Таковы были эти приключения. Дважды остров Амстердам служил как бы отечеством заброшенным на него морякам, которых провидение дважды спасло от мук, голода и смерти. Но с той поры ни одно судно не потерпело крушения у этих берегов. Волны вынесли бы, конечно, на берег какие-нибудь обломки судна, а люди как-нибудь добрались бы на шлюпках до рыболовных промыслов господина Вио. А между тем старец, много лет пребывавший на острове, ни разу не имел случая оказать гостеприимство потерпевшим крушение. О «Британии» и капитане Гранте он ничего не знал. Очевидно, эта катастрофа не произошла ни у острова Амстердам, ни у острова Сен-Поль, часто посещаемого рыбаками и китоловами.
Гленарвана не удивил и не огорчил этот ответ. Он и его спутники искали не столько те места, где капитан Грант побывал, сколько те, где его не было. Они хотели установить тот факт, что на этих точках тридцать седьмой параллели Гарри Гранта нет, вот и все. Поэтому отплытие «Дункана» было назначено на следующий день.
До вечера путешественники бродили по острову, очень живописному, но настолько бедному флорой и фауной, что перечисление их не заполнило бы и страницы записной книжки самого многословного естествоиспытателя.

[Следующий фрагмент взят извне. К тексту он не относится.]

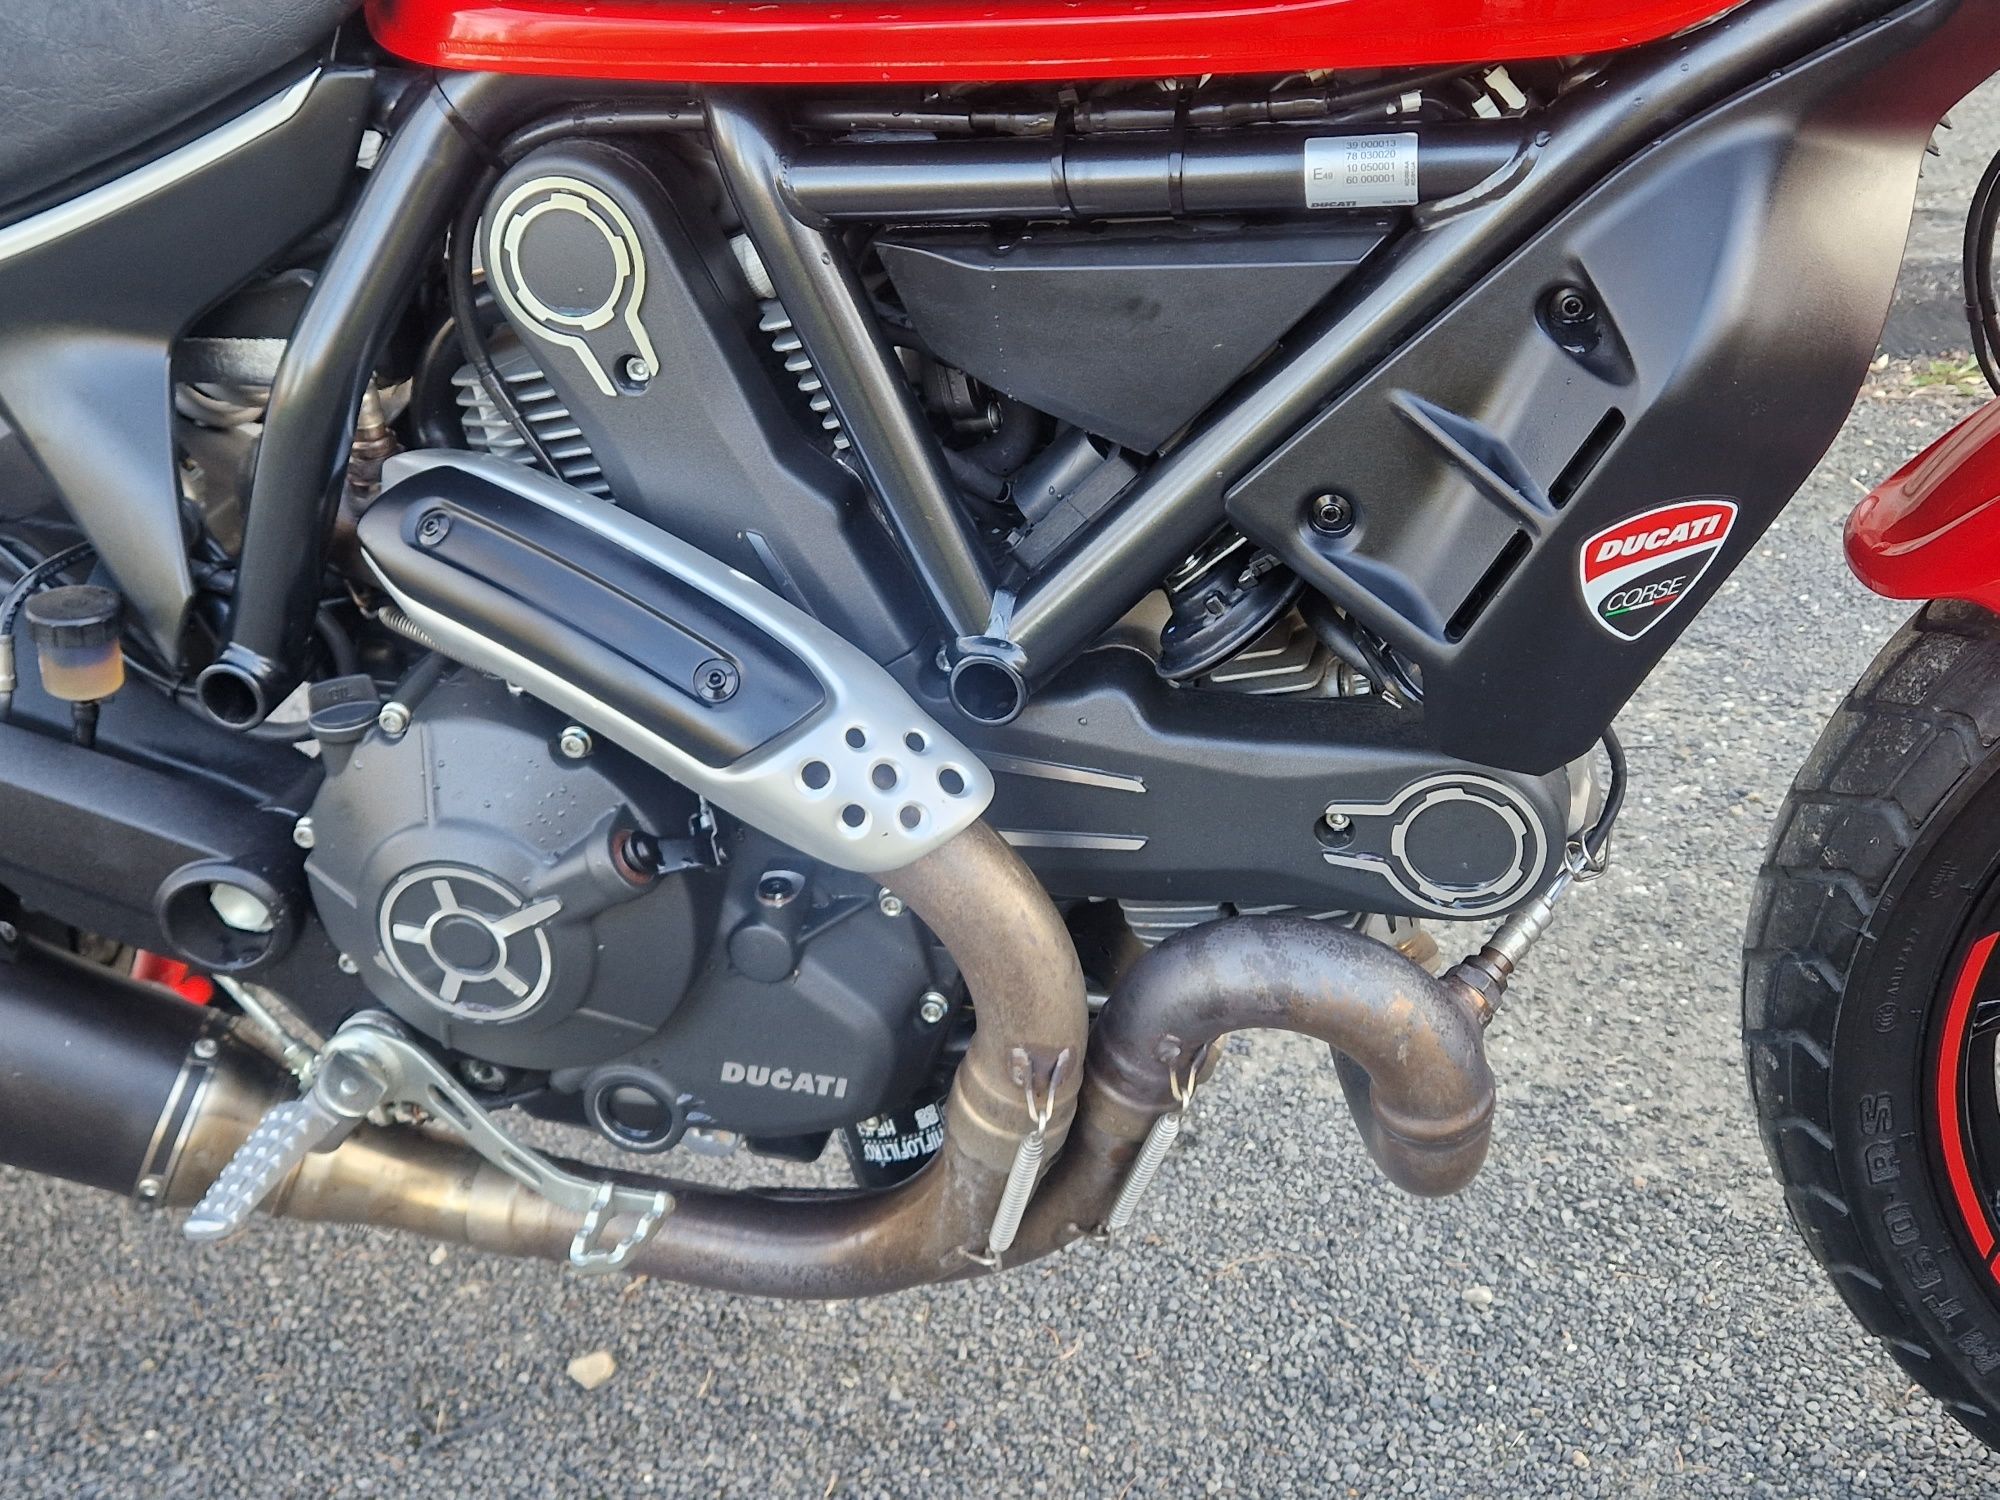 Ducati Scrambler 800 Zadbany Czerwony Niski przebieg Nietuzinkowy
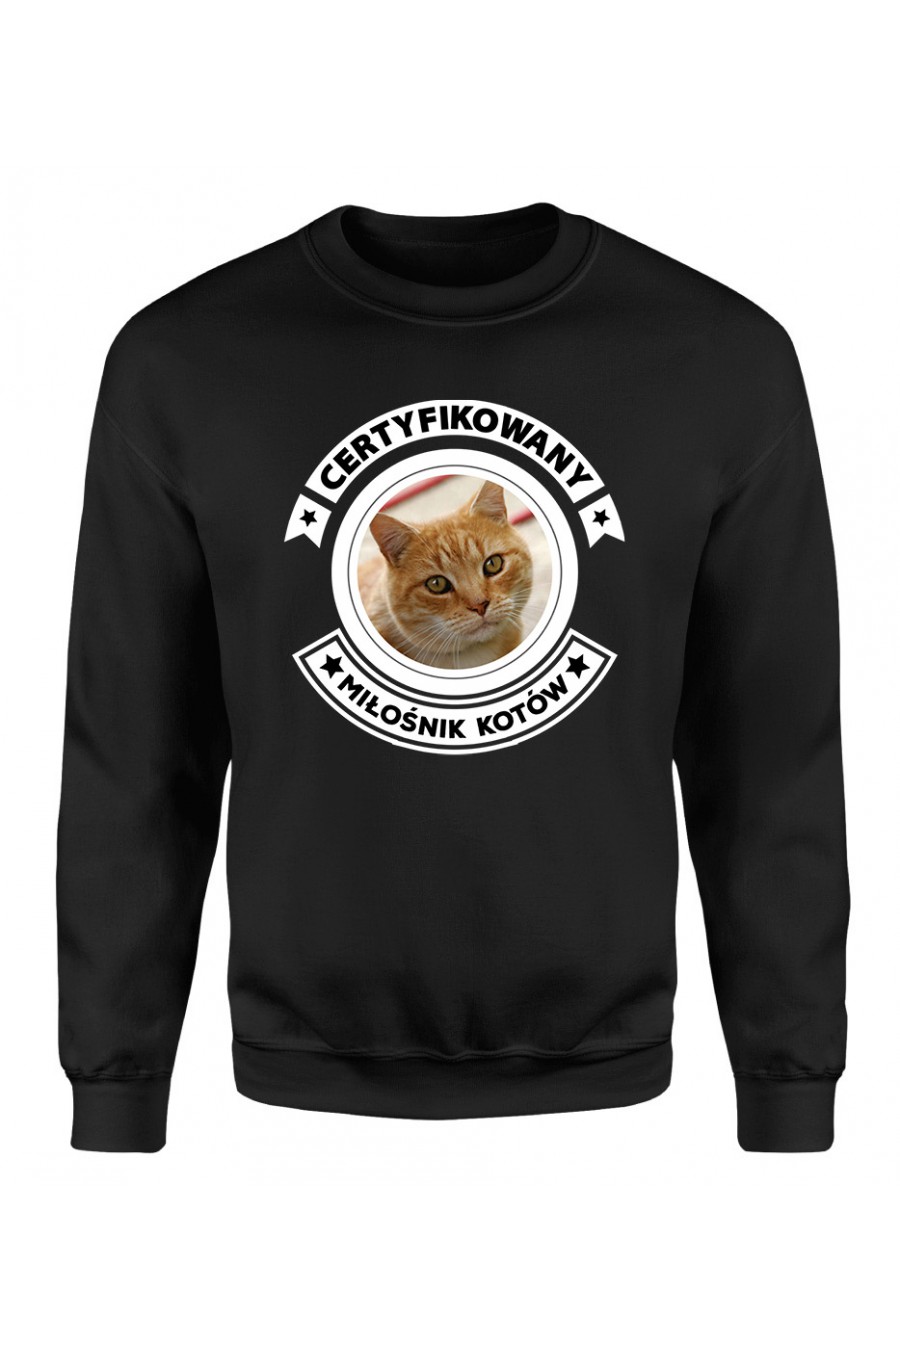 Bluza Klasyczna Męska Certyfikowany Miłośnik Kotów

Четвероногие, пернатые, рыбы и китообразные были представлены только дикими кабанами, белыми как снег буревестниками, альбатросами, окунями и тюленями. Там и сям из-под темной застывшей лавы били горячие ключи и железистые источники, и густые пары их клубились над вулканической почвой. Вода некоторых источников была высокой температуры. Джон Манглс погрузил в один из источников термометр Фаренгейта, и тот показал сто семьдесят шесть градусов53. Рыба, пойманная в море почти в нескольких шагах от источника и брошенная в его почти кипящую воду, через пять минут была уже сварена. Это побудило Паганеля отказаться от мысли искупаться в источнике.